Using Serial Channels in Design Flows
Xilinx Alveo U280
Refer to our AuroraFlow project for an example design implementing serial communication channels on the Alveo U280. Alternatively, you can use Xilinx ACCL for an Ethernet-based communication scheme.
Intel Stratix 10
All Intel Stratix 10 boards on Noctua 2 offer 4 point-to-point connections to other FPGA boards when the node is configured with a p520_max_sg280l BSP. Their use differs based on the used development flow.
OneAPI
Refer to the documentation on I/O Pipes for details on how to use the external serial channels.
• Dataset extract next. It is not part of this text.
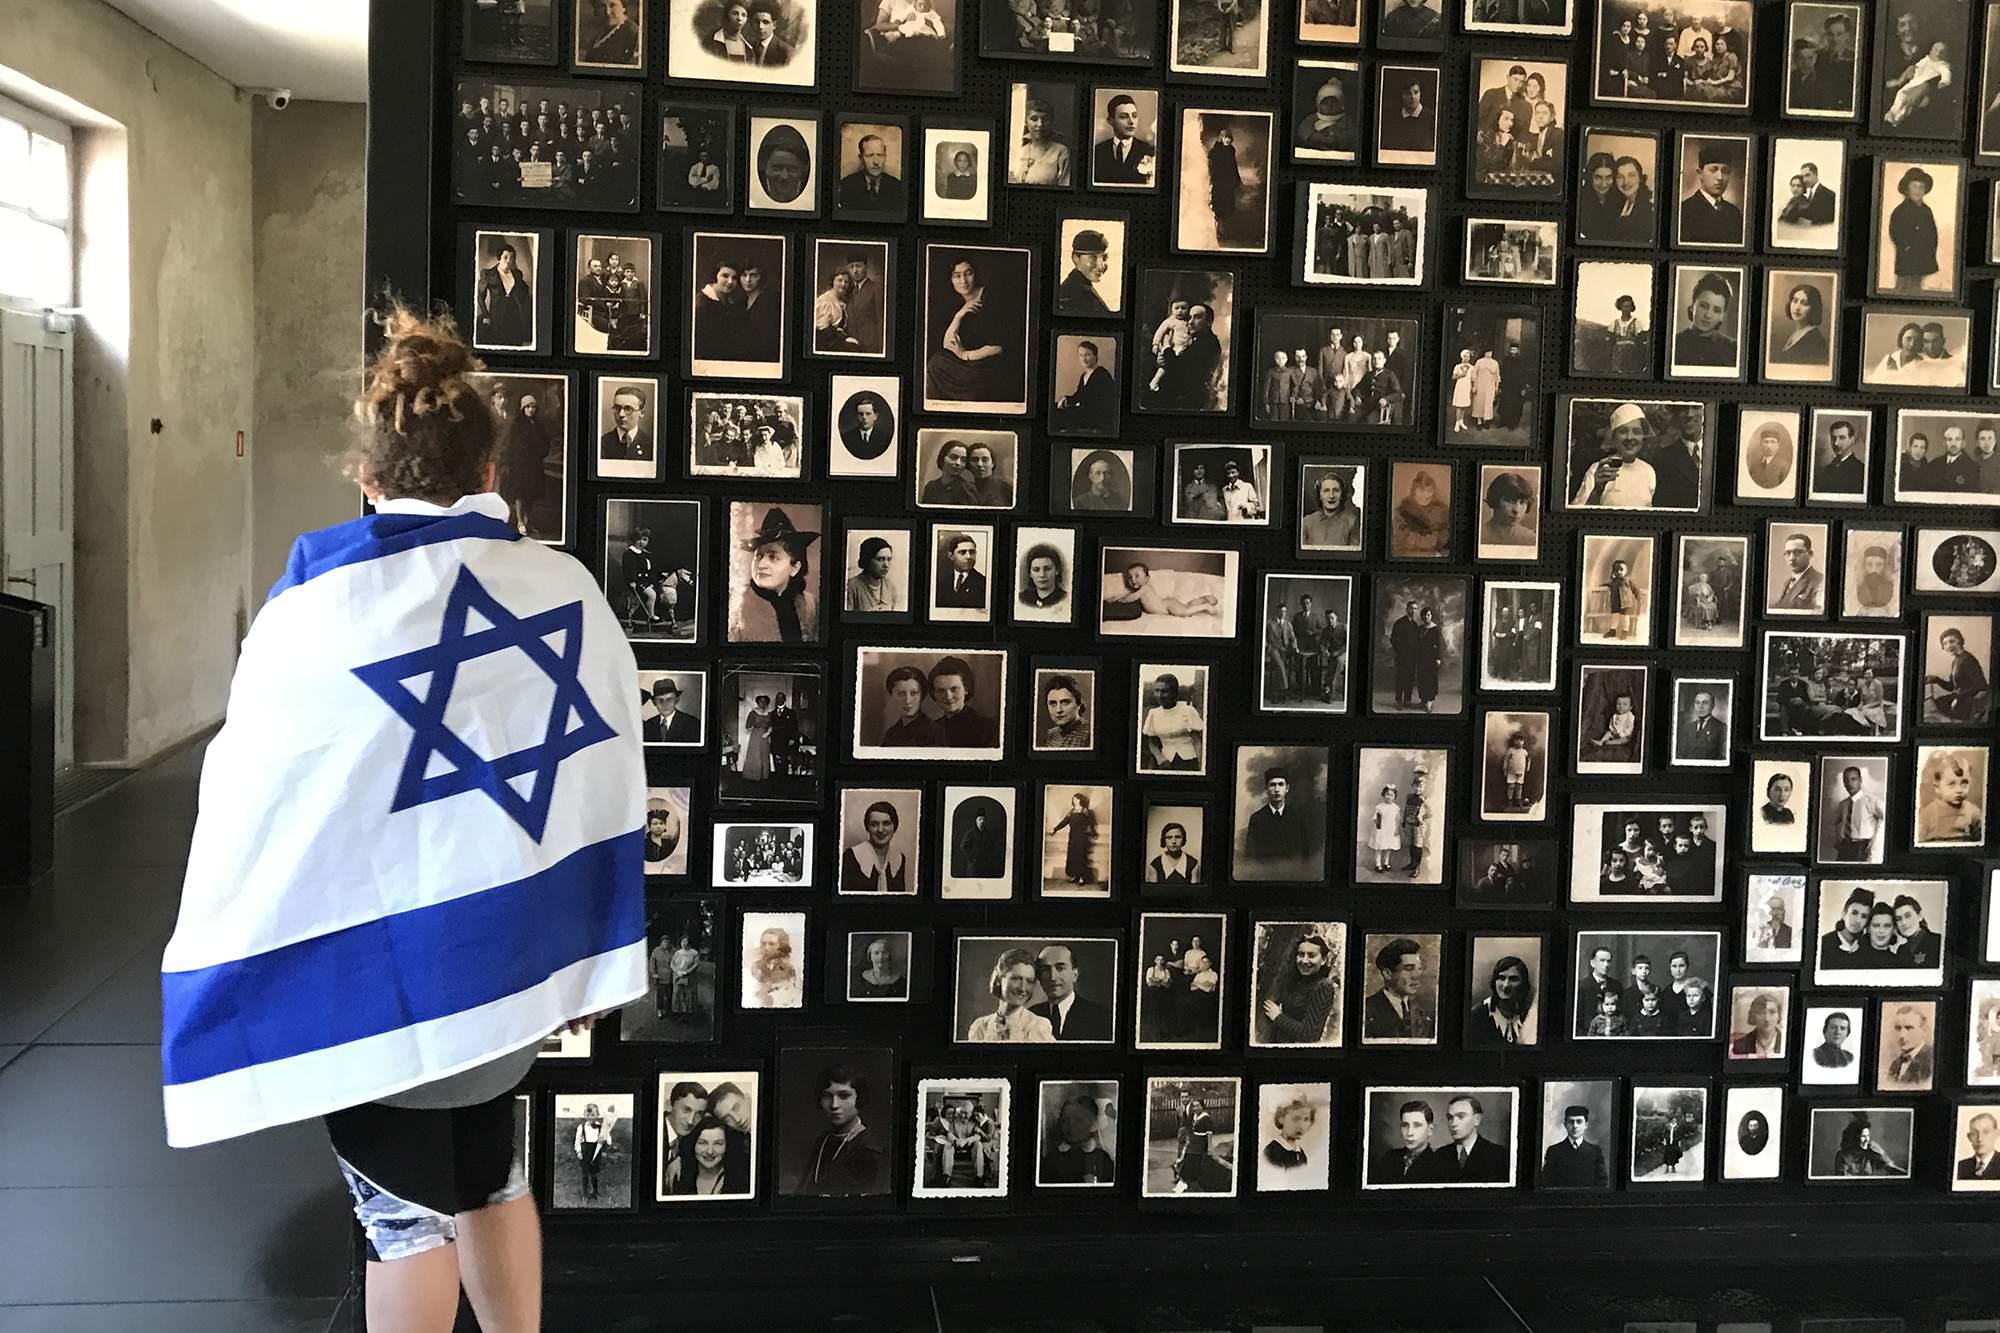 Israel Pilgrimage / Poland Seminar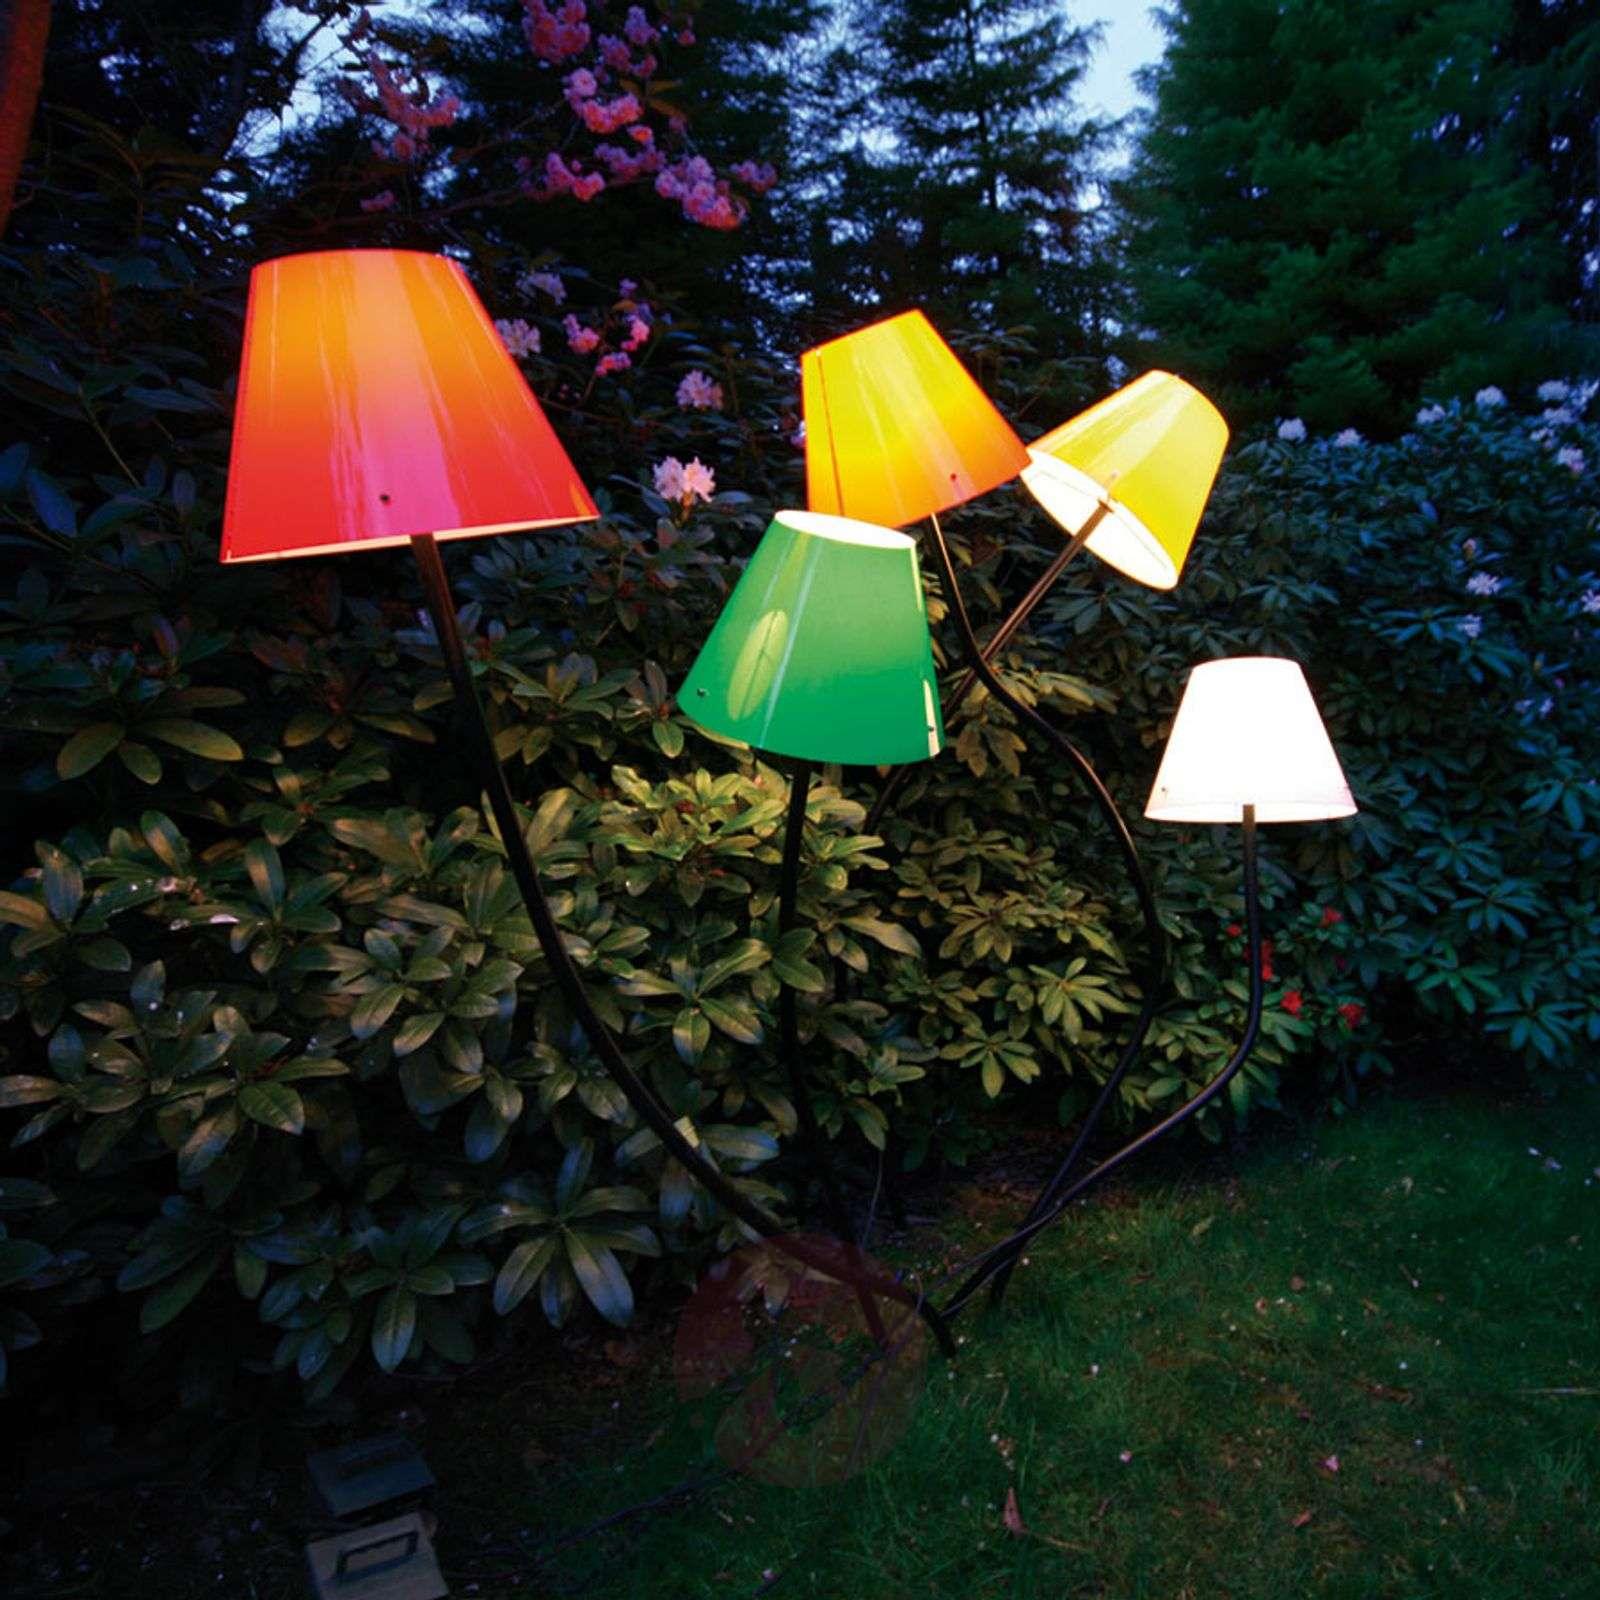 Outdoor light Octopus Outdoor, no lampshade-9020041X-01

The channel IDs are mapped as follows:
Port 0: Channels 0 (read) and 1 (write)
Port 1: Channels 2 (read) and 3 (write)
Port 2: Channels 4 (read) and 5 (write)
Port 3: Channels 6 (read) and 7 (write)
The pipes need to be configured for a data type of width 256 bits. This could, for example, be a std::array<int, 8>
. You may use a small C++ header like the following to bundle read and write pipes into a single channel
class that has both read
and write
operations:
#include <sycl/ext/intel/fpga_extensions.hpp>
template <int portnum>
struct read_channel_id {
static constexpr unsigned id = portnum * 2;
};
template <int portnum>
struct write_channel_id {
static constexpr unsigned id = portnum * 2 + 1;
};
template <int portnum, class T, std::size_t min_capacity = 0>
// requires((portnum >= 0) && (portnum < 4) && (sizeof(T) == 32)) // C++20 only
struct external_channel
: private sycl::ext::intel::kernel_readable_io_pipe<read_channel_id<portnum>, T, min_capacity>,
private sycl::ext::intel::kernel_writeable_io_pipe<write_channel_id<portnum>, T, min_capacity> {
using read_pipe = sycl::ext::intel::kernel_readable_io_pipe<read_channel_id<portnum>, T, min_capacity>;
using write_pipe = sycl::ext::intel::kernel_writeable_io_pipe<write_channel_id<portnum>, T, min_capacity>;
using read_pipe::read;
using write_pipe::write;
};
OpenCL
From the OpenCL environment, these links are used as external serial channels. A status reg value of 0xfff11ff1 in the diagnose indicates an active connection.